Ca m'a bluffé ! L'évidence tombe, Vernet est Sherlock Holmes, sans aucun doute et son compagnon, le docteur Watson et ils seraient tous deux des anarchistes, des criminels. C'est le renversement de situation complet ! Et c'est une perspéctive intéressante : Holmes et Watson, des criminels et partenaires dans le crime. Cela m'a un peu rappellé la nouvelle de Charles Auguste Milverton où Holmes et Watson se font cambrioleurs le temps d'une nuit et où Holmes se dit que s'il n'avait pas choisi le métier de détective, il aurait sans doute fait un excellent criminel, en toute modestie. La question qui se pose est : qui sont le narrateur et son ami détective, dans ce cas ? C'est là que je me rappelle que le détective avait présenté son ami comme étant Monsieur Sebastian, mais j'ai cru que c'était un nom qu'il avait inventé comme il s'était présenté lui-même sous une autre identité car ils étaient face à Vernet. Puis les initiales du narrateur à la fin : Major S... M... qui pourraient tenir avec Sebastian Moran, le bras droit du professeur James Moriarty, némesis de Sherlock Holmes dans l'oeuvre de Conan Doyle. Cette nouvelle offre donc un renversement de situation : Holmes et Watson sont les criminels (Holmes étant surtout le cerveau et Watson exécutant les crimes, étant médecin il sait où frapper pour tuer ou blesser) et Moran et Moriarty, le détective intelligent et son fidèle compagnon.

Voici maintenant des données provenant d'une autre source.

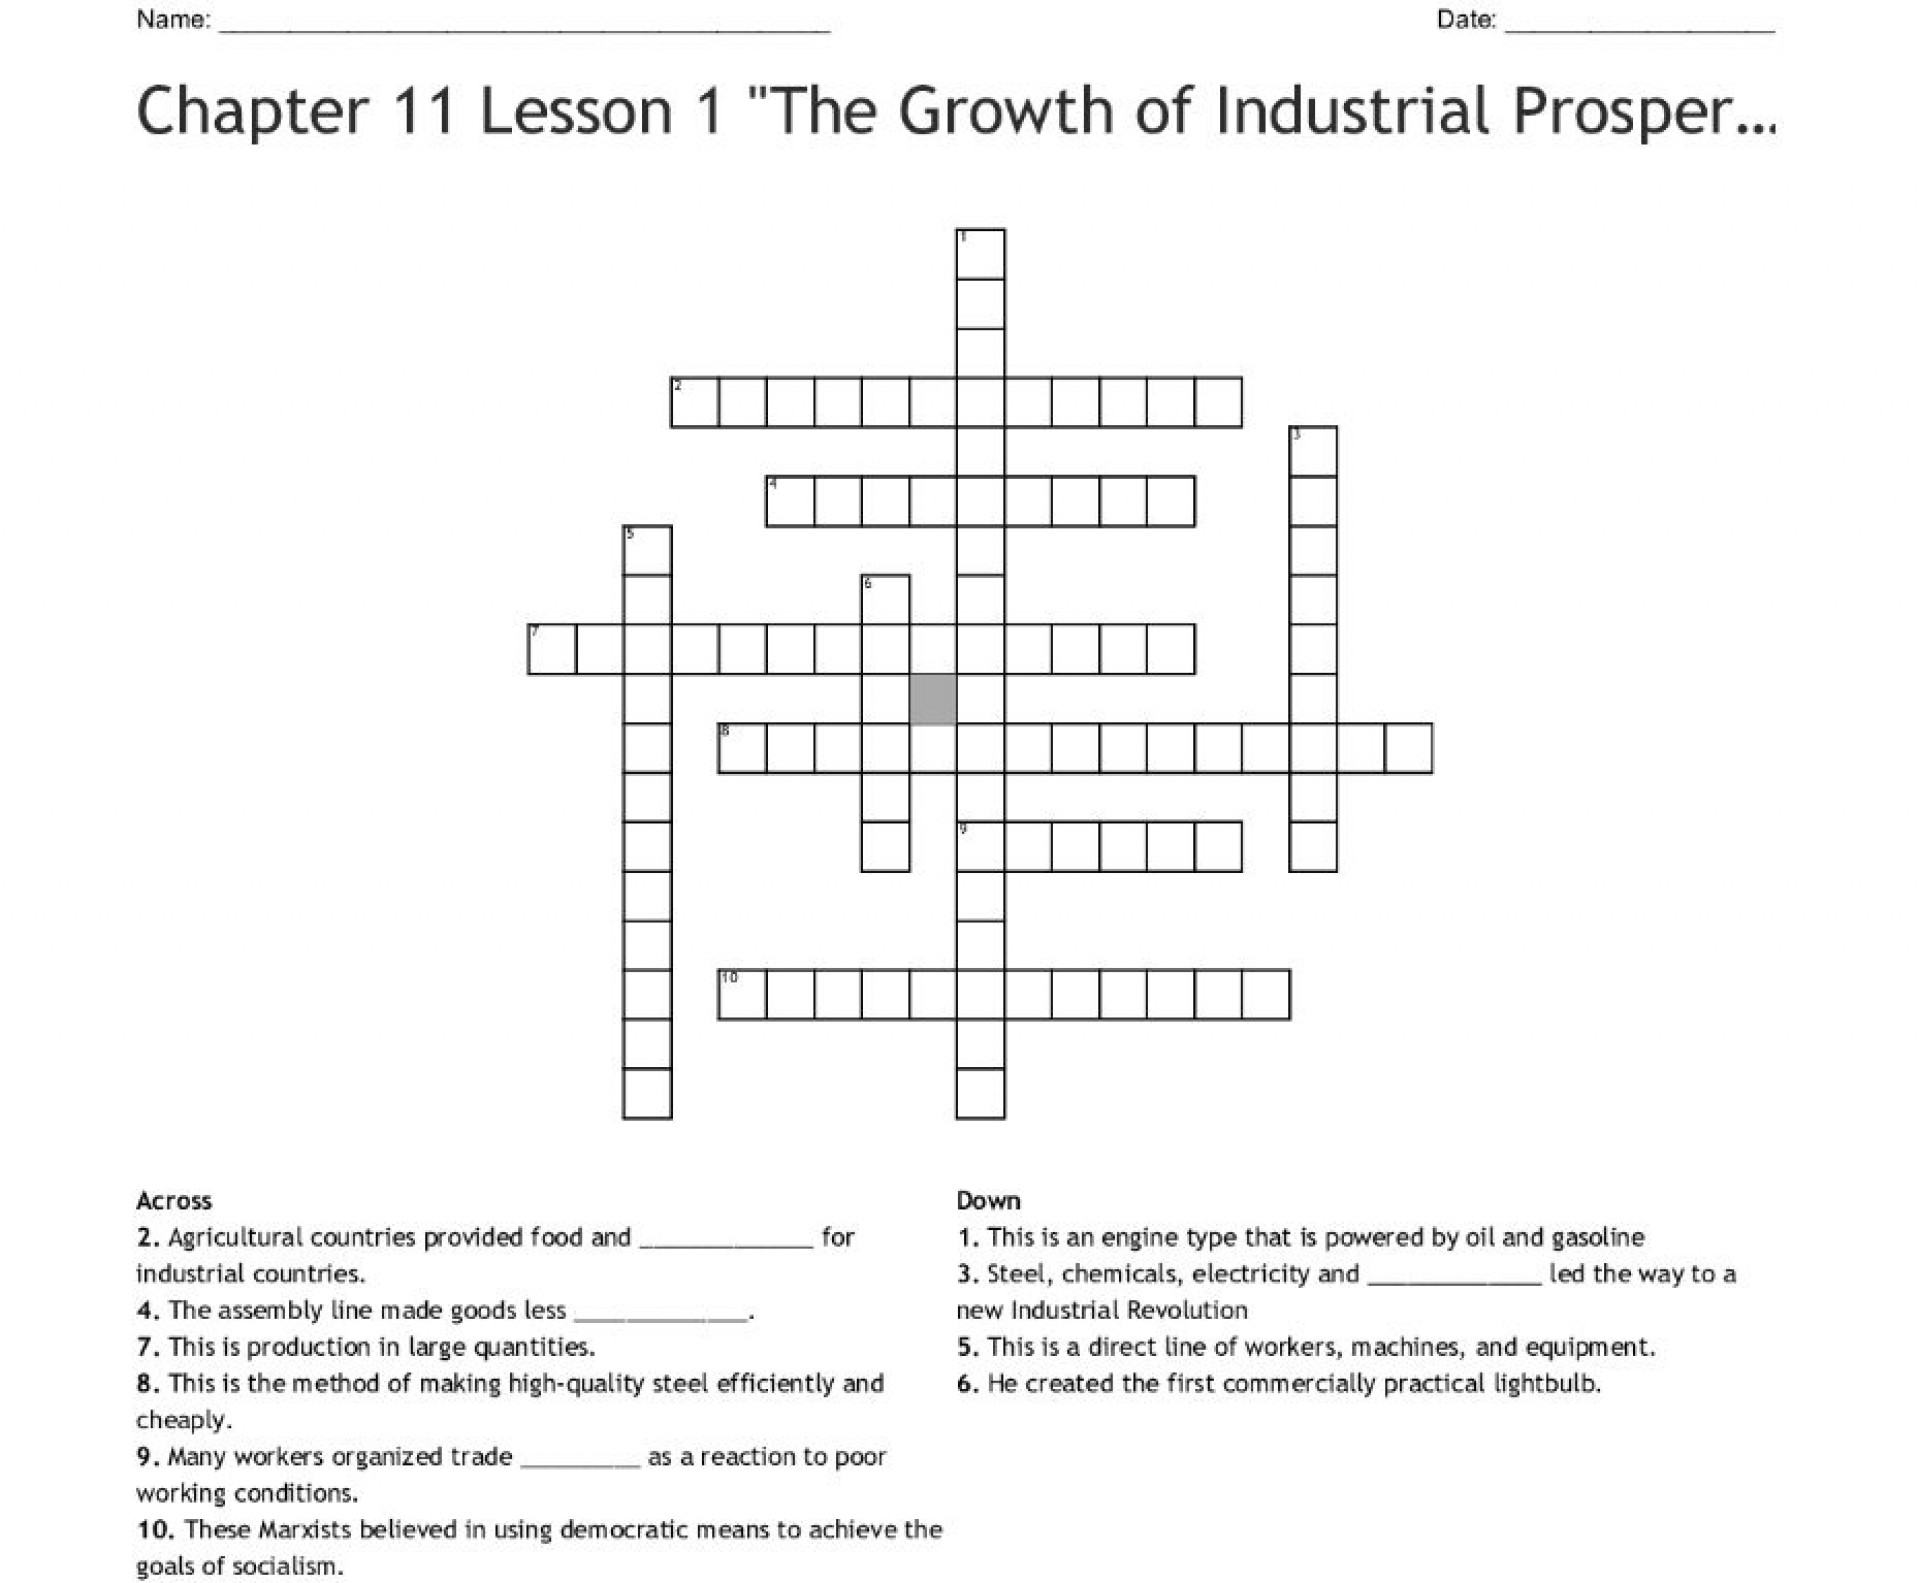 000 Unbelievable Prosperity Crossword Design  Sound Clue Material1920

Intéressante perspective qui m'a bluffé ! Belle initiative de l'auteur que j'approuve ! Bien que déconcertante quand même. J'aurais pû me rendre compte plus tôt des véritables identités des personnages, mais comme Watson, I saw but did not observe et je suis ensuite impressionnée par quelque chose qui n'est pas si compliqué que ça au final, comme Watson, impressionné par les déductions de Holmes et qui s'apperçoit que c'était pourtant si simple... Je ne suis pas très futée, mais il n'empêche que cette nouvelle était très bien, vraiment. je prends plaisir à la relire plusieurs fois. Dans un Londres inquiètant mais terriblement familier où un criminel s'en prend aux têtes couronnées, c'est un univers tellement singulier, parfois les mots me manquent. Mais les personnages sont très bien représentés et j'aime beaucoup ce renversement de situation qui s'est révélé aussi surprenant que séduisant.
Extrait :
'Vous êtes sûr de vouloir que je vous accompagne ?'
En réponse, mon ami me fixa sans ciller. 'J'ai le sentiment, dit-il, que nous sommes faits pour être ensemble. Que nous avons combattu pour la bonne cause côte à côte dans le passé ou dans le futur, je l'ignore. Je suis un homme rationnel, mais je connais la valeur d'un bon compagnon, et dès l'instant où mes yeux se sont posés sur vous, j'ai su que je pouvais me fier à vous comme à moi-même. Oui, je veux que vous m'accompagniez.'
Je rougis et balbutiai des mots sans suite. Pour la première fois depuis l'Afghanistan, il me semblait avoir ma place en ce monde.